The equipment were designed to avail the existing low temperature gradients to yield potable drinking water with a total dissolved solids (TDS) level below 200 ppm. A team of doctors from Sri Ramachandra Medical University, Chennai, have concluded from the local hospital records of Kavaratti that the incidence of water borne diseases in the island dropped from 200 before the installation to 12 within six months of the installation of the plant.
A National Council for Applied Economic Research (NCAER) study conducted in 2012 too confirmed a drop in the topmost prevailing water-borne diseases like typhoid (13 per cent), dysentery (88 per cent), amoebiasis (6 per cent) and cholera (6 per cent) to the almost negligible 2 per cent following the introduction of the LTTD desalination plant.
MoES-NIOT has undertaken detailed studies to assess the wave loads on the structures and pipelines and also fine tuned the process equipment as part of its activities to standardise the design of these components.
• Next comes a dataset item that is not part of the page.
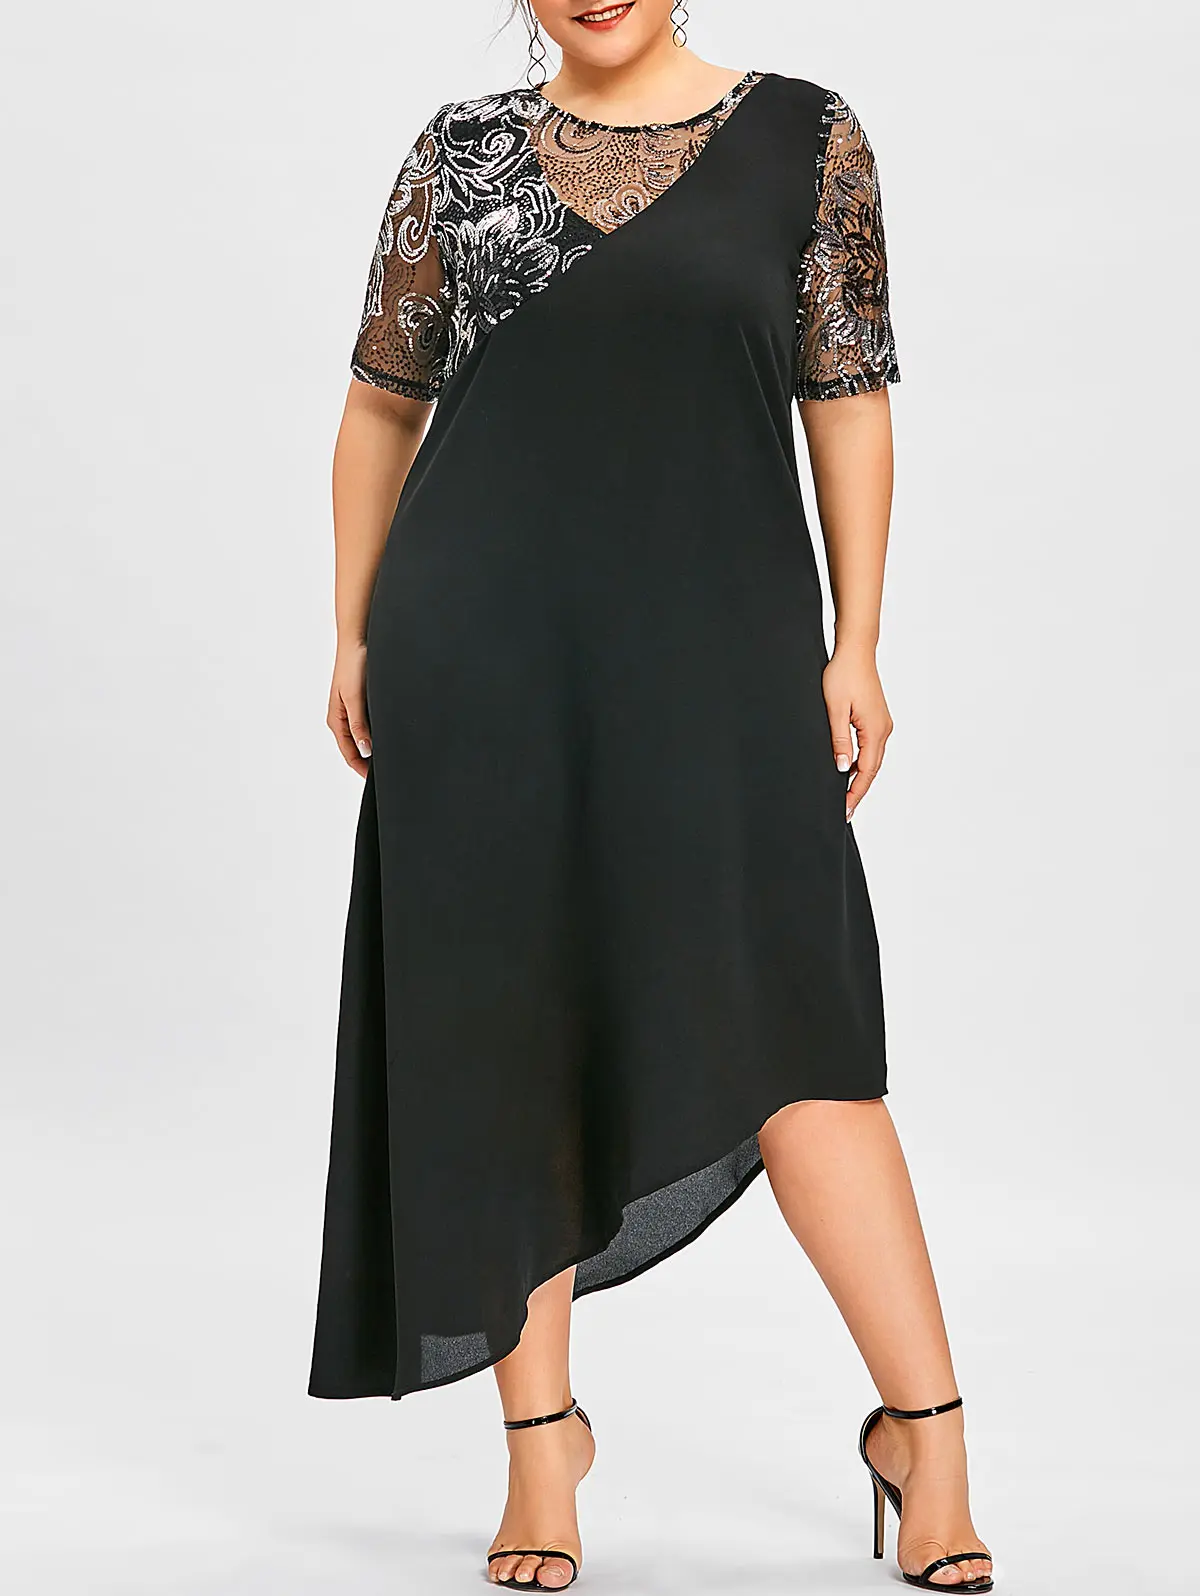 Wipalo Женское ассиметричное вечернее коктельное платье макси большого размера с паетками, элегантное летнее черное платье 5XL, платье с коротким рукавом - Цвет: Black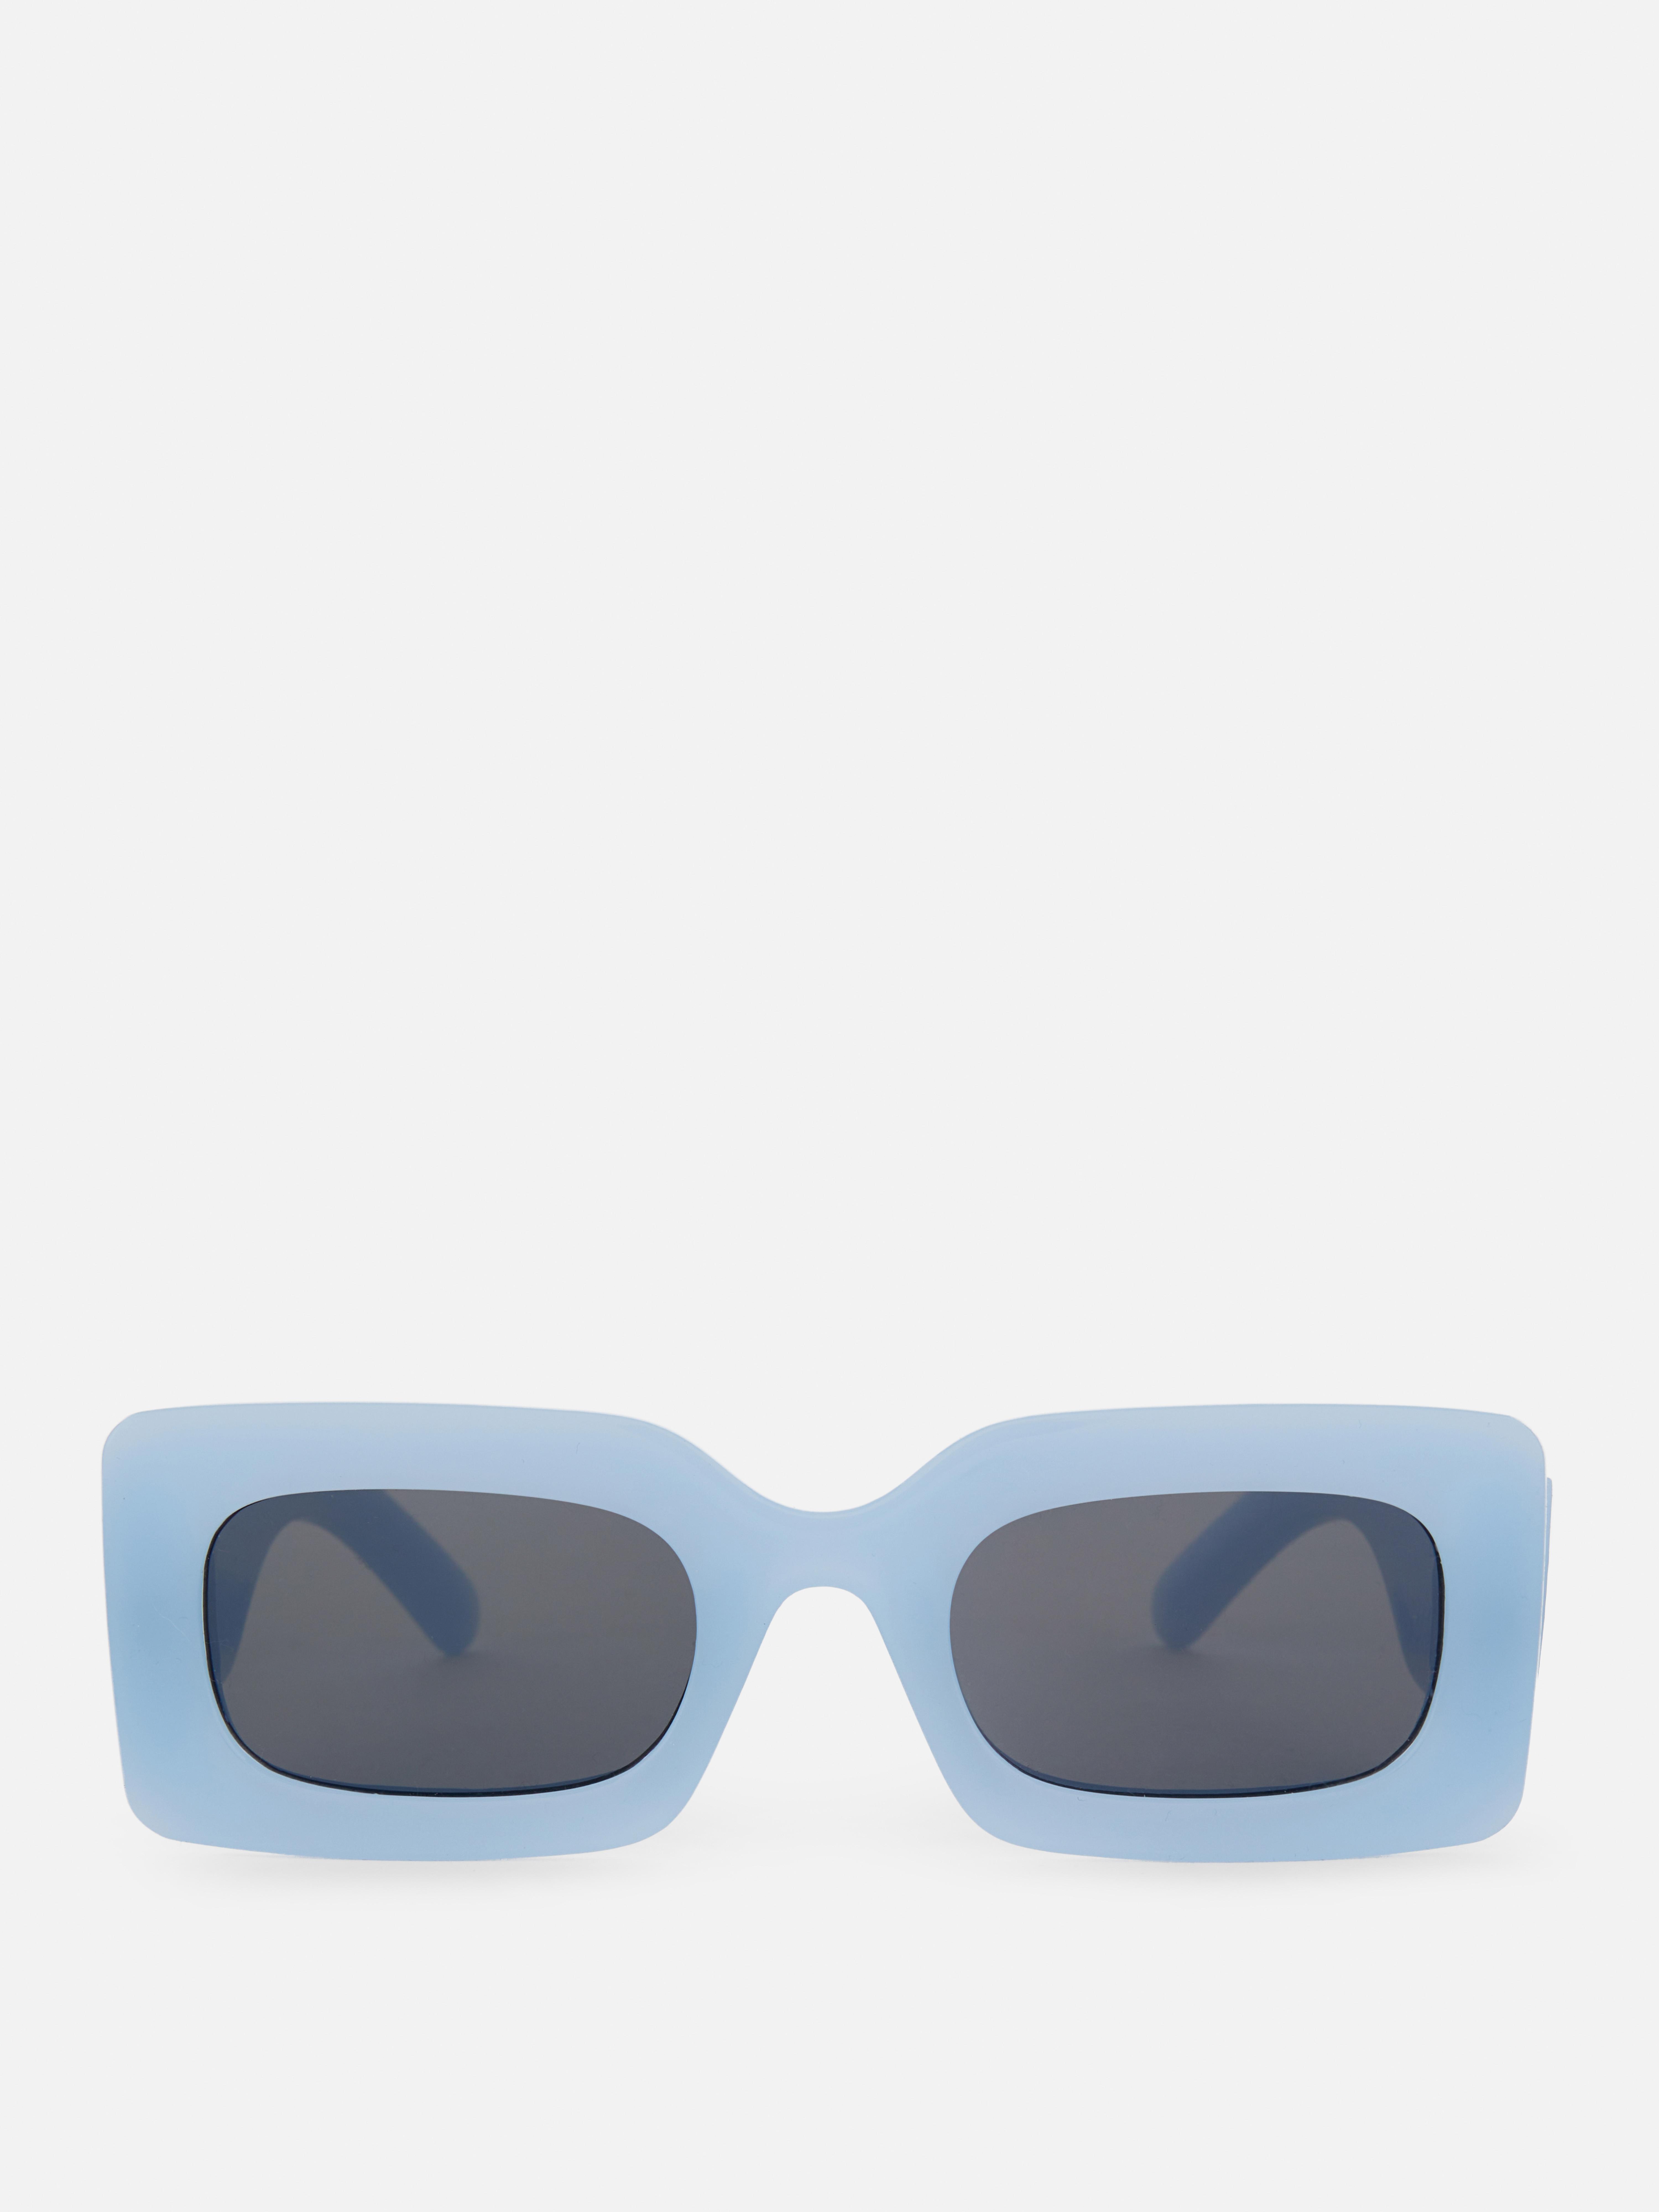 Prostokątne okulary przeciwsłoneczne w grubej oprawce

The standardised designs are proposed to be used in newer plants.
A barge mounted desalination plant of 1 million litres per day capacity was also set up 40 km off the Chennai coast for demonstration. The concept was further extended to generate fresh water using waste heat, from coastal thermal power plants. A pilot project has been successfully demonstrated at the North Chennai Thermal Power Station using condenser reject water. Designs of scaled up thermal power plant based and offshore platform mounted desalination are now ready.
Since India is blessed with abundant solar radiation, the NIOT is currently looking into the feasibility of solar desalination techniques as well.
The temperature difference available due to the ocean thermal gradient has been used to establish simple, easily maintained desalination plants in the Lakshadweep islands. The innovative designs used by MoES-NIOT for these plants in keeping with the prevalent local conditions can be easily replicated in other coastal regions in the near future.